MECAT-QA
收藏魔搭社区2025-11-29 更新2025-08-09 收录
下载链接:
https://modelscope.cn/datasets/midasheng/MECAT-QA
下载链接
链接失效反馈官方服务:
资源简介:
# MECAT: A Multi-Experts Constructed Benchmark for Fine-Grained Audio Understanding Tasks
[**📖 Paper**](https://arxiv.org/abs/2507.23511) | [**🛠️ GitHub**](https://github.com/xiaomi-research/mecat) | [**🔊 MECAT-Caption Dataset**](https://huggingface.co/datasets/mispeech/MECAT-Caption) | [**🔊 MECAT-QA Dataset**](https://huggingface.co/datasets/mispeech/MECAT-QA)
## Dataset Description
MECAT (Multi-Expert Chain for Audio Tasks) is a comprehensive benchmark constructed on **large-scale data** to evaluate machine understanding of audio content through two core tasks:
- **Audio Captioning**: Generating textual descriptions for given audio
- **Audio Question Answering**: Answering questions about given audio

## Dataset Structure
### Audio Captioning Dataset (MECAT-Caption)

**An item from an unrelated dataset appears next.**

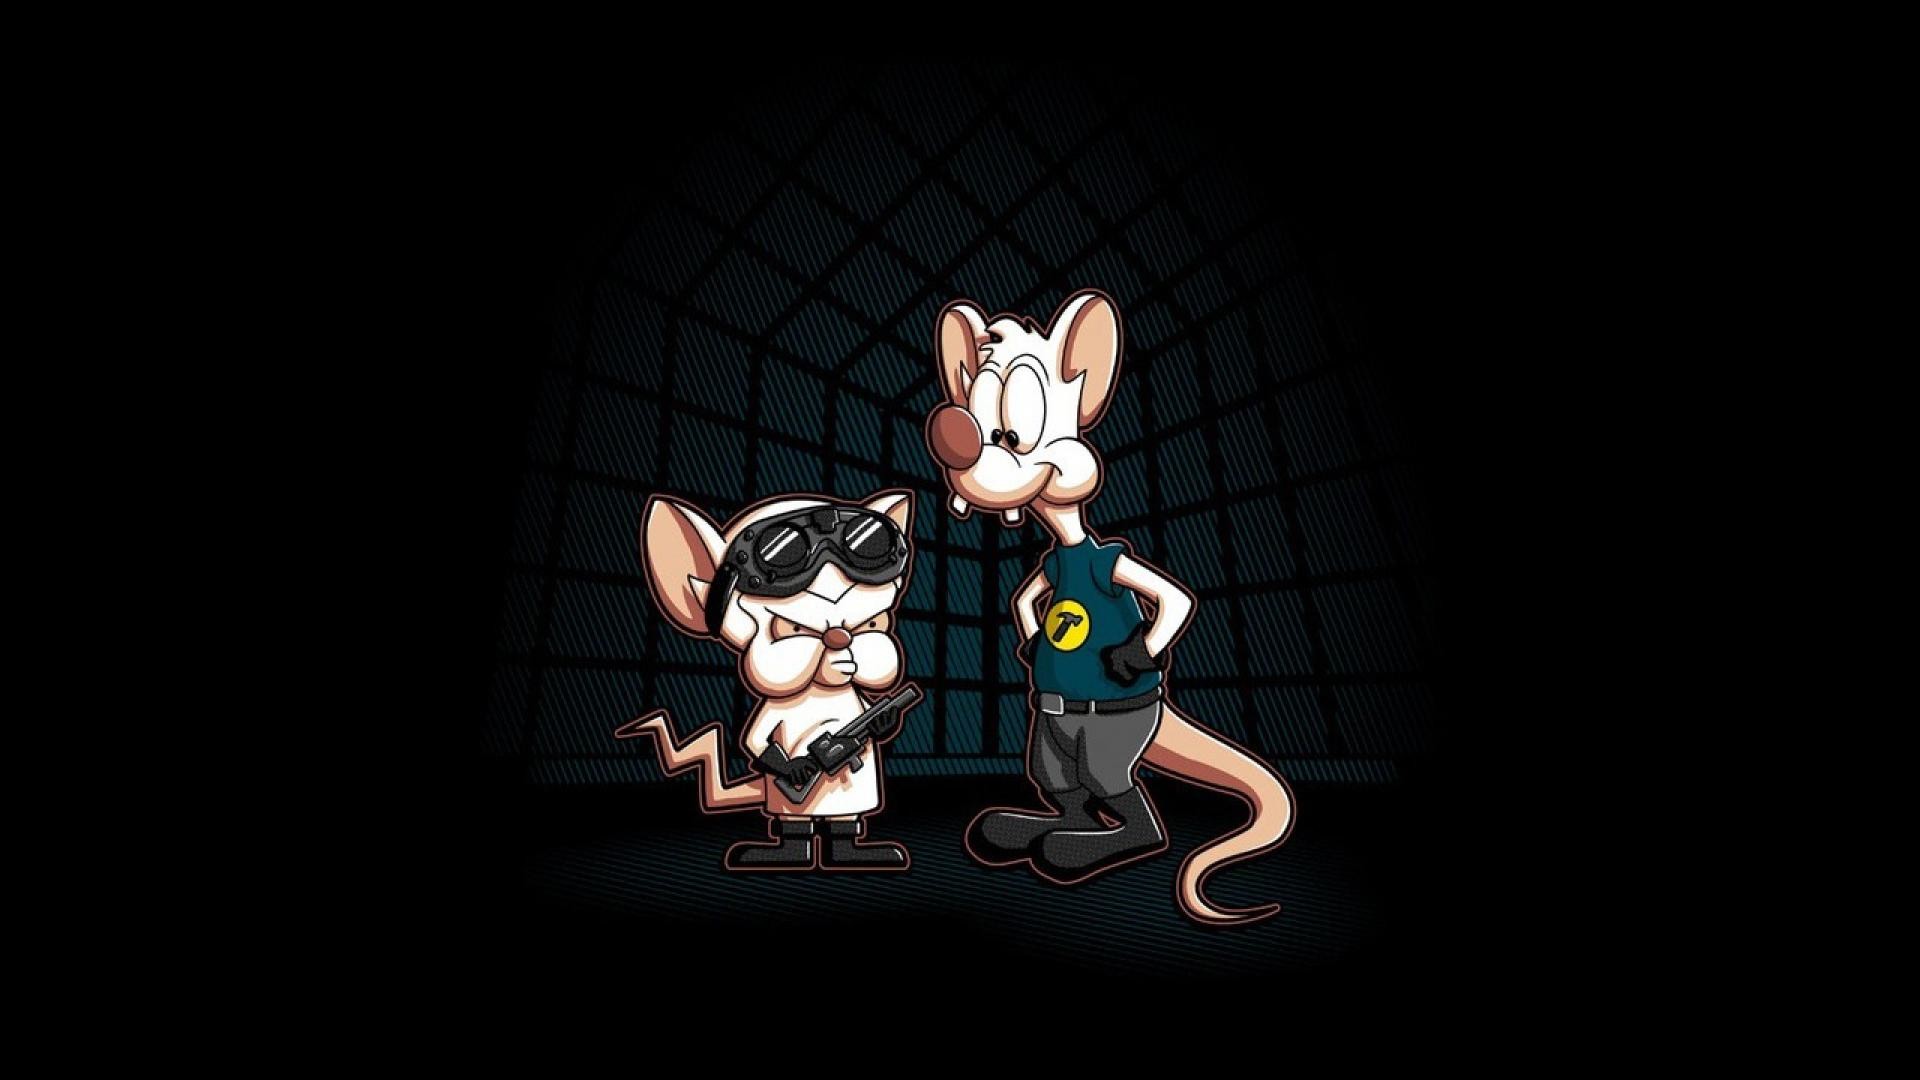 1920x1080 Dr horrible pinky and the brain wallpaper | (57137)

The captioning dataset contains audio clips paired with high-quality textual descriptions across multiple subtasks:
- **Systematic Captioning**: Long-form (1-2 sentences) and short-form (≤15 words) descriptions
- **Content-Specific Captioning**: Speech, music, and sound-focused descriptions
- **Environment Captioning**: Acoustic characteristics and environmental context
### Audio Question Answering Dataset (MECAT-QA)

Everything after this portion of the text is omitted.